Between October 2006 to December 2007, the band gigs with Ryan being joined by new members Shailendra on drums, Mithun on vocals, Daniel on bass and Rory on guitars. They recorded a self-titled EP that was self-released to limited copies, as a prelude to the follow-up to The War Inside. They play shows with international acts Truth Corroded, Sludge, Hydrophobia, Defiled.

Throughout 2008 and 2009, Deus ex Machina commenced work on their second album, I, Human, with new members Tharenii and Caspar from Stillborn filling in on guitars and bass respectively. The album is set in the death metal/thrash metal mould with melodic and progressive metal structures included. The lyrical content of the album deals with the cloning: specifically, questions regarding its use, legality, implications and the possibility of a world full of clones fighting to gain their own identity. The concept was based on the medium of Isaac Asimov's novel I, Robot.

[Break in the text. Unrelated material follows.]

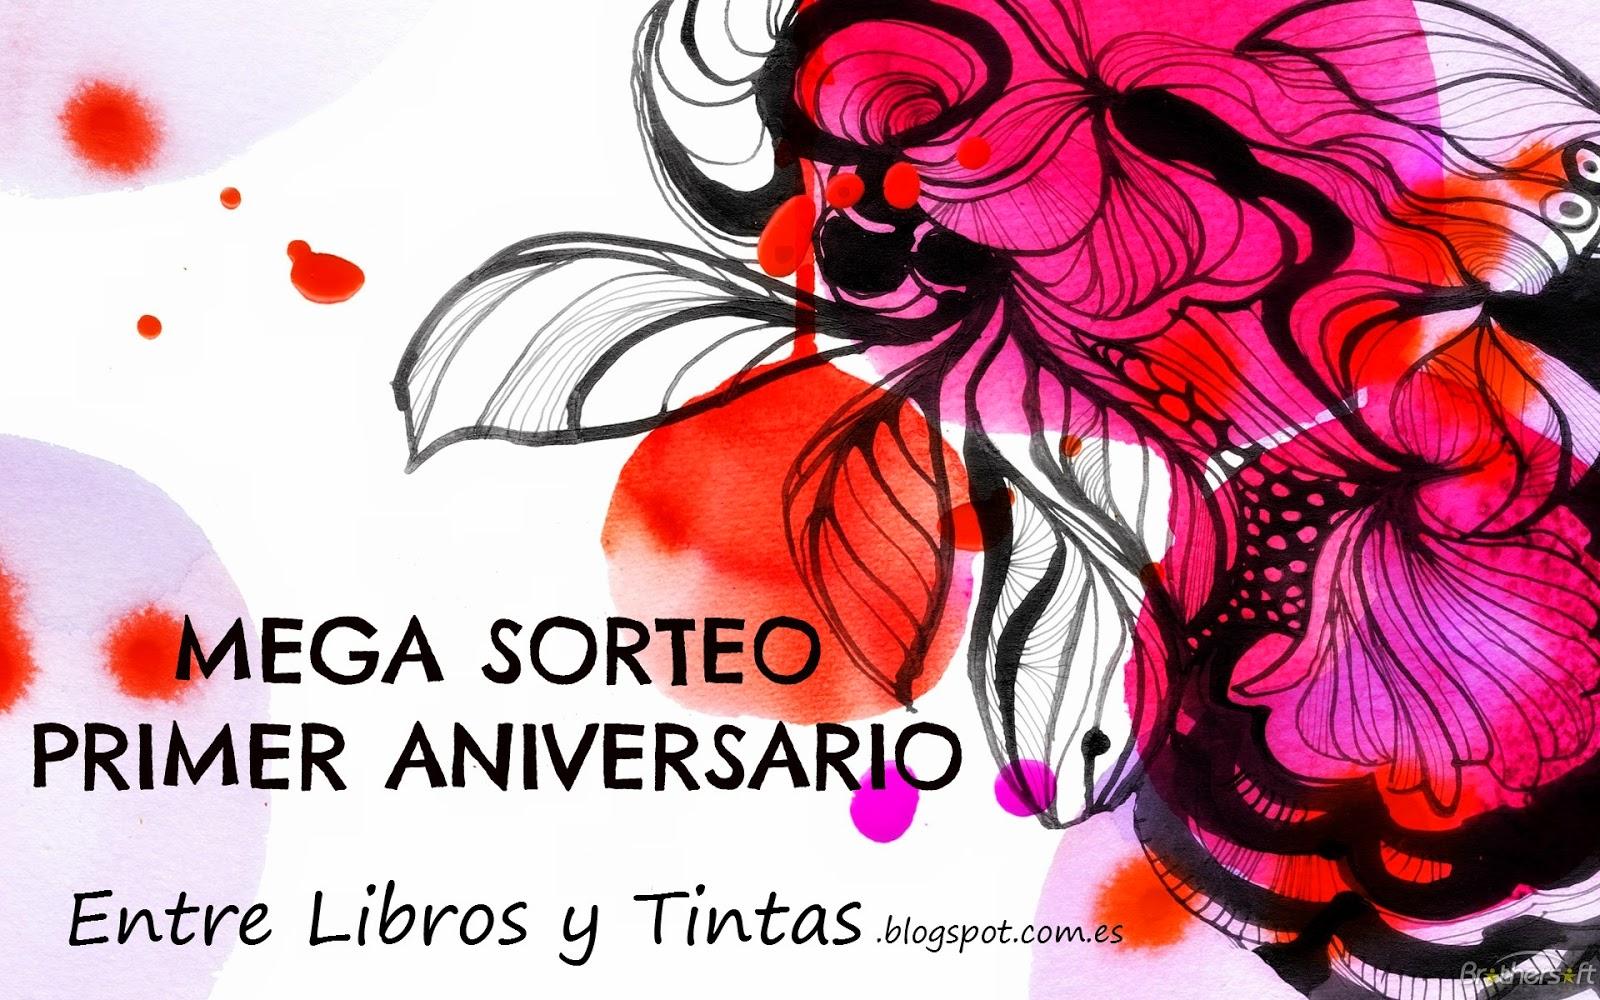 http://entrelibrosytintas.blogspot.com.es/2015/04/mega-sorteo-primer-aniversario-de-entre.html

The band toured Indonesia, Malaysia and Thailand throughout 2010 and 2011. In 2012, they embarked on a mini-tour of Australia, playing alongside Octanic and State of Integrity. The band has since undergone another line-up change, with the return of founding member Prashant Joseph. Adding to the lineup between 2015 and 2019 were Vivek Govind (vocals, ex-Bhelliom), Jussi Ahokas (bass), Herman Razr Lee (guitars) and Neil Halliday (drums). The revamped line-up seeks a 2020 release date for their third album.

==Musical style==

Deus ex Machina's musical style is derived from a multitude of influences. The genres that the band has been affiliated with are melodic death metal, progressive metal, and thrash metal. The band is also known for its intelligent and poetic lyrical concept. The band has indicated their influences to be Martyr, Death, Carcass, Meshuggah, Iron Maiden, Dream Theater, Nevermore, among others.

==Band members==
===Current===
- Prashant Ryan Joseph – lead guitar (2004–2012, 2014–present)
- Neil Halliday – drums (2019–present)
- Herman Rzar Lee – rhythm guitar (2016–present)
- Vivek Govind – lead vocals (2014–present)
- Jussi Ahokas – bass (2017–present)

===Former===
- Shailendra Singh – drums (2006–2019)
- Mithun MK – lead vocals (2006–2014)
- David Varghese – bass (2011–2014)
- Justin Henderson – lead guitar (2012–2014)
- Thomas Leow – bass (2009–2011)
- Tharenii – rhythm guitar (2008–2009)
- Caspar Francis – bass (2008–2009)
- Rory Slingo – guitar (2006–2008)
- Daniel Dugard – bass (2006–2008)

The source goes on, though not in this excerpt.